What we turned in to the other teams last night was drafts, though, which helps.

There’s a lot of problems facing me on this project, though.

First, I’m just not into it. I hate it, actually. Why? Because it’s not immediately practical and that always sets me off. The solution to this is I need to just get over it. Find something interesting that I can latch onto and run with it. Maybe I need to watch A Passage to India or read Murder on the Orient Express or something that will get me in the zone. I don’t know. Now that this phase is done I’ll focus on getting excited about it.

Problem 2 is that I’m fighting off sickness. I actually lost that battle, come to think about it. I spent most of yesterday in bed. It’s able to be overcome, and my team was very encouraging and willing to step into the gap on it. I’m thankful for that but I never want to be the guy other people are picking up slack for. I want to be one of the guys picking up slack for others. Not my choice to get sick, so there’s that.

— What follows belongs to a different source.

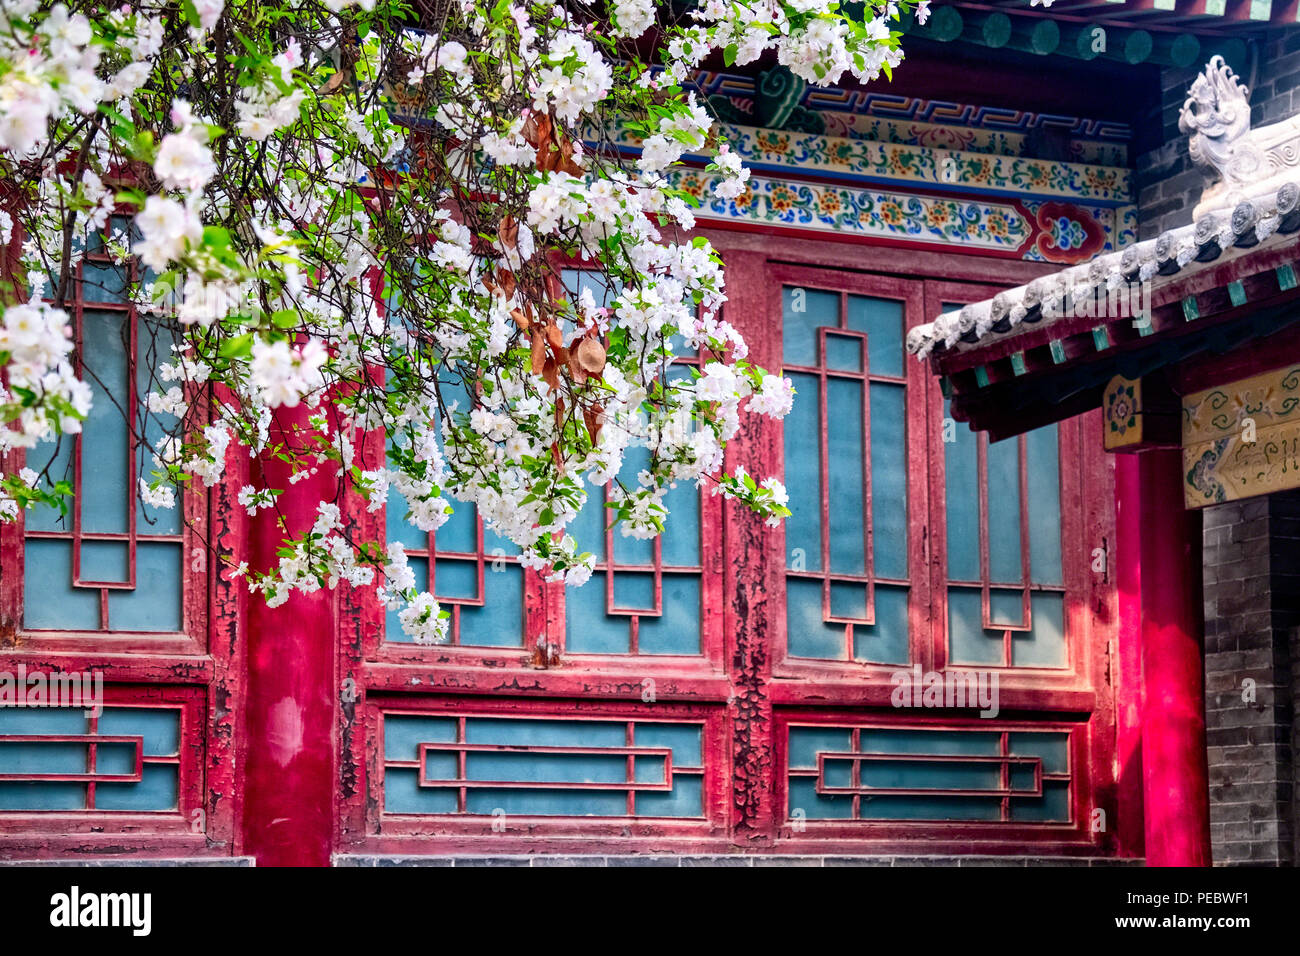 Blooming Tree in front of a Historic Building,  Forest of the Stone Steles, Beilin, Shian, Shaanxi Province, China Stock Photo

The last problem (#3 if you’re counting at home) is that the research writing process doesn’t work well for me. Individually reading a bunch, taking notes, and then putting together a paper or project: not my thing. I want to interact with others on the topic. I want to walk around in a room, talking to people who know more than me, and absorb knowledge through listening and interacting. That’s my learning style, and it has worked for most of the EMBA program. Because we have four people on my team who don’t have time for many face to face meetings, I’m kind of stuck on this one. Now if there were margin in my family life my wife and I could probably talk some of this out and she could do the research but she’s in chaos most of the time because our family life is crazy, and we just added this week driving #1 son to a job (and picking him up) thus subtracting about 140 minutes from her day, assuming he’s ready to come home when she gets there in the evening.

Sigh.

So if you’re praying for me, pray I’ll get healthy fast, take interest in this project and get excited about it, and that I’ll find someone to talk to about it so I can feed my learning style and start to grasp the topic. My team is carrying me on this one for sure: I know I’m not leading out and I need to learn to be OK with that too.